Об этом задумался и я. В самом деле: как? Мне сразу вспомнилась апрельская анонимка: «...прослушиваются не только телефонные разговоры».

Я пообещал А. Я., что буду поддерживать его версию. Позднее, знакомясь с делом, я убедился, что Кучеров говорил правду: весь допрос крутился в основном вокруг этого рассказа. Опираясь на материалы, полученные с помощью подслушивающего устройства и, очевидно, имея представление о нерешительности А. Я., гебисты были уверены, что получат надежного свидетеля обвинения.

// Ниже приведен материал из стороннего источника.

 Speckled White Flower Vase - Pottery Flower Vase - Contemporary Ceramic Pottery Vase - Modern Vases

Они смешно просчитались: то ли из страха перед тем, что и его могут привлечь к ответственности (наше знание законов есть большая или меньшая степень незнания их), то ли, напротив, зная, что не могут, Кучеров упорно отрицал, что рассказ об антисоветском попугае был прочитан ему мною у меня дома.

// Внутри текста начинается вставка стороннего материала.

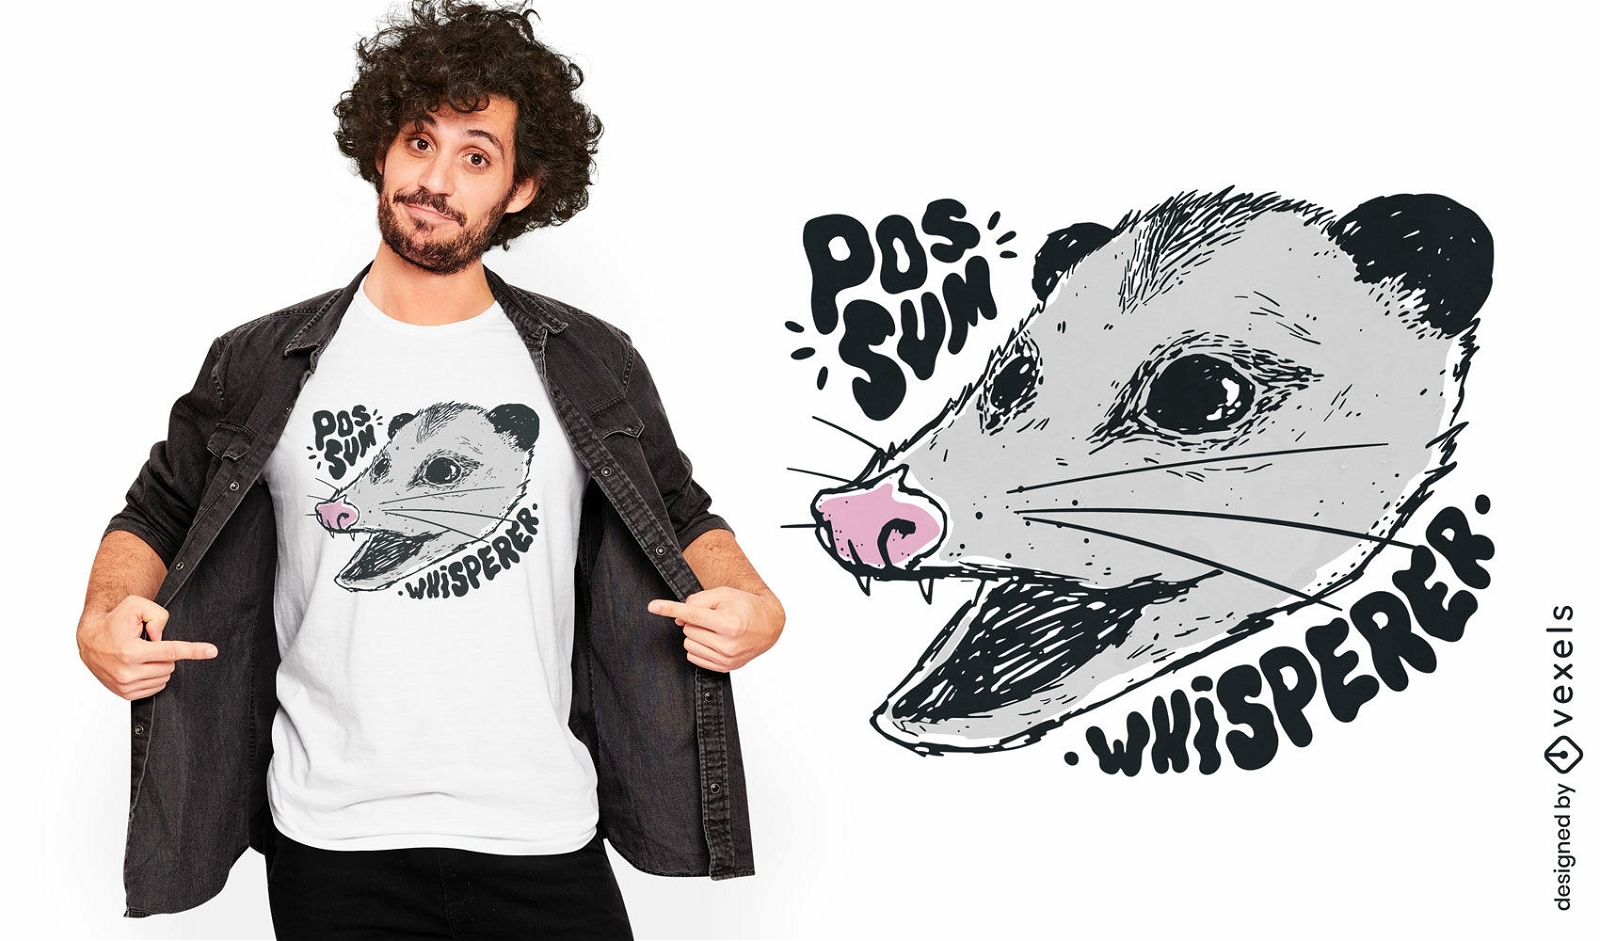 Opossum-Fl?sterer-Zitat-T-Shirt-Design

Однако просчитался и А. Я.: чекисты не прощают своих поражений. Через неделю после моего ареста Кучерова под каким-то смехотворным предлогом уволили из «Звезды», где он проработал почти пятнадцать лет.

Разговор следователя с женой носил странный характер: какие-то вопросы «вообще», «ни о чем», и между ними, между пустыми фразами, вдруг выстреливались вопросики, заставившие жену придти к выводу, что КГБ очень хорошо знакомо с некоторыми особенностями и деталями нашей семейной жизни и с кругом наших общих и необщих знакомых и друзей. Спрашивали ее, в частности, и о Гансовском. На вопросы о нем жена отвечала, что поскольку «политика» ее не интересует, никаких «политических разговоров» она с ним не вела и что, вместе с тем, достаточно хорошо его знает, чтобы утверждать, что он вполне лояльный советский гражданин.

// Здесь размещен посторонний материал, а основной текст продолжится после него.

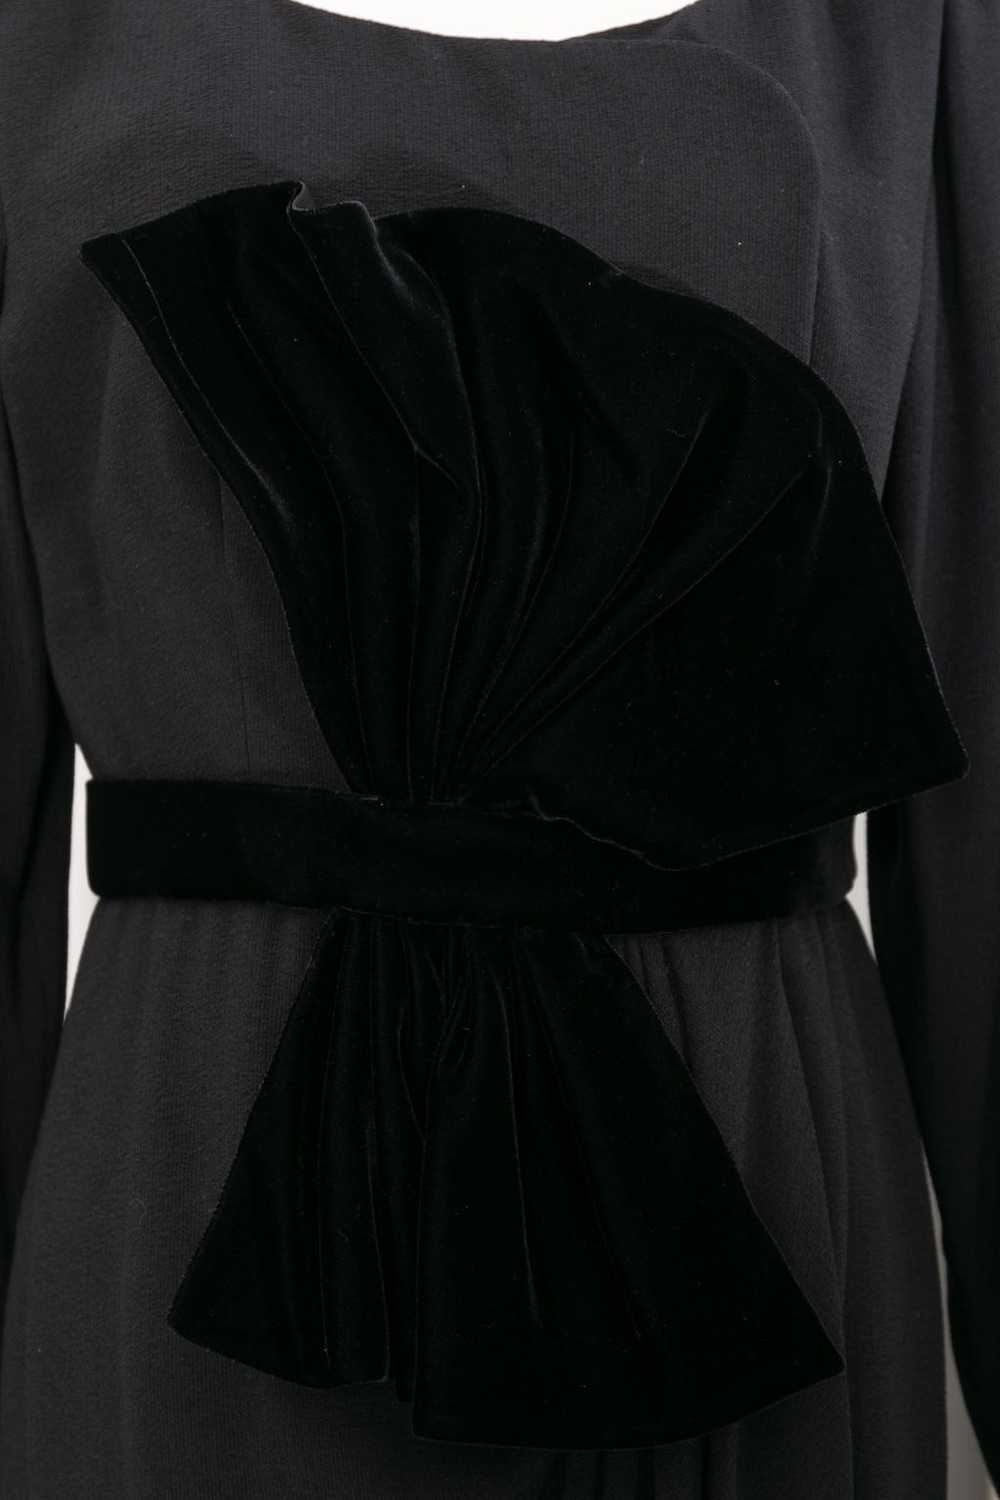 Yves saint Laurent Haute Couture black dress - image 5

Необходимо было принять некоторые оборонительные меры. Посоветовавшись с женой, я решил, что мне самому не следовало идти к Н., которую я хотел попросить съездить в Москву (элементарная в наши дни мысль – позвонить по телефону – даже не пришла мне в голову). Жена позвонила Н. из автомата и сказала, что я прошу ее зайти к Ш. в такое-то время. Ш. жила в огромном писательском доме (так называеомом «недоскребе») со сложной системой коридоров, соединяющих различные лестницы. В этом доме можно было назначить явку полудюжине шпионов так, что ни один из них не увидит другого.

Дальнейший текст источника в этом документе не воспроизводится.